The trial court also instructed the jury:

"It is simply as I say, a plea that the plaintiff was negligent in some respect that contributed proximately in some degree to the happening of the accident, and it is established if plaintiff's negligence contributed directly and proximately to the happening of the accident in any degree, even though it may be a slight degree."

"The burden of proof is upon the plaintiff to show defendant's negligence, that it was the proximate cause of the accident."

The foregoing instructions are full and accurate statements of the principles of law embodied therein.
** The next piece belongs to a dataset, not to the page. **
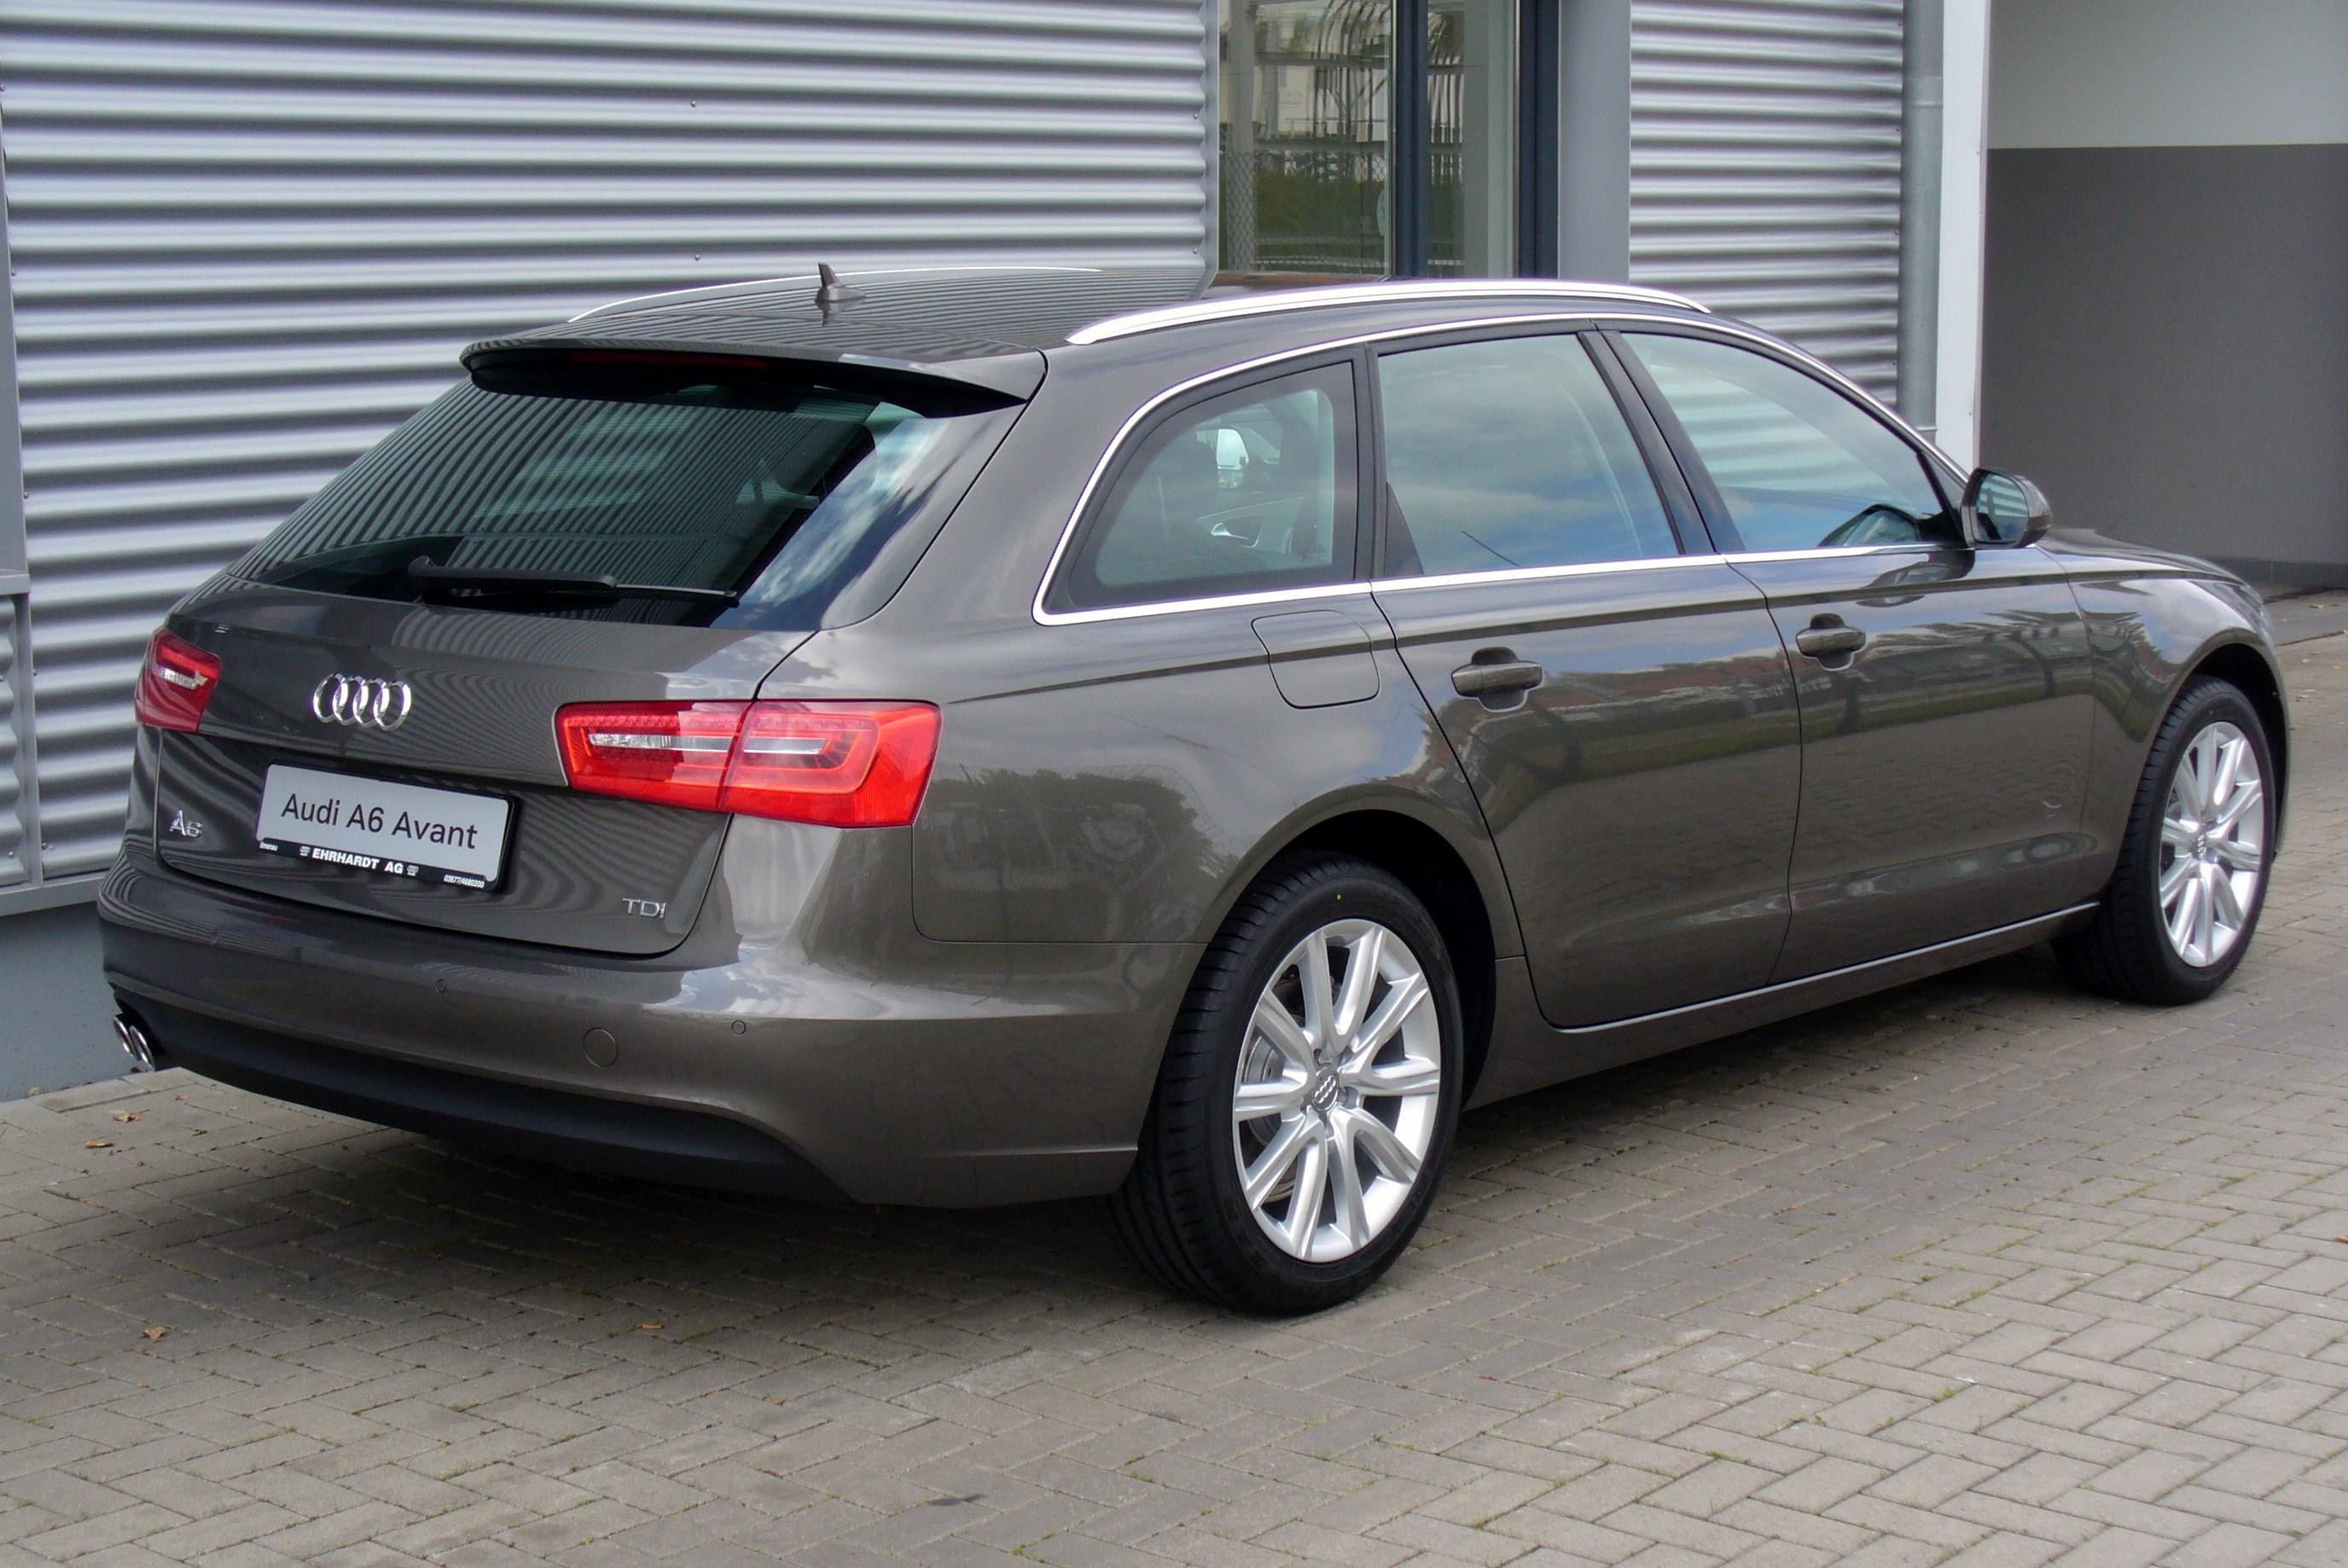 Audi A Black Metalic on range rover black, audi s8 black, mercedes-benz cl550 black, audi black edition, audi s5 black, honda accord sedan black, mazda mazda3 black, audi s6 black, audi tt black, audi a4, 2016 audi rs black, audi b7 black, mercedes-benz e350 black, audi a7 black, audi s7 black, audi a5, audi a8, audi a3, volkswagen passat tdi black, audi q5,

[10] Defendant's fifth proposition does not find support in the record. An examination of the instructions requested by defendant and refused by the trial court discloses that in all particulars regarding which defendant complains the court gave instructions covering the subjects requested by defendant; for example, the trial court instructed the jury on unavoidable accident as follows:

"There is such a thing as an unavoidable accident, in a legal sense there is ... If you believe that ordinary care was used by the defendant to keep the premises in a reasonably safe condition, there would be no negligence on the part of the defendant; and if you believe that Mrs. Martin stepped on this beer bottle without any negligence on her part, her accident did not give rise to any claim of liability on the part of the Turf Club. It would be one of those things that happens where neither party is negligent, and in a legal sense, it would be an unavoidable accident." On disregarding [39 Cal. App. 2d 349] sympathy, prejudice, and bias the court instructed the jury thus:

"It is your duty as you know to decide this case strictly upon the evidence and law stated to you by the Court, without any feeling of sympathy, or prejudice or bias."

[11] It is unnecessary for us to discuss the errors urged by defendant in its final proposition, for the reason that the rule is established that a judgment will not be reversed for insufficiency of the evidence or defects in counts of a complaint, if the judgment is sustained by one count of the complaint, as in the present case, it being conceded that the first count states a cause of action, which count in turn is supported by substantial evidence. (Kains v. First Nat. Bank of Pomona, 30 Cal. App. 2d 447, 451 [86 PaCal.2d 935].)

For the foregoing reasons the judgment is affirmed.

Moore, P. J., and Wood, J., concurred.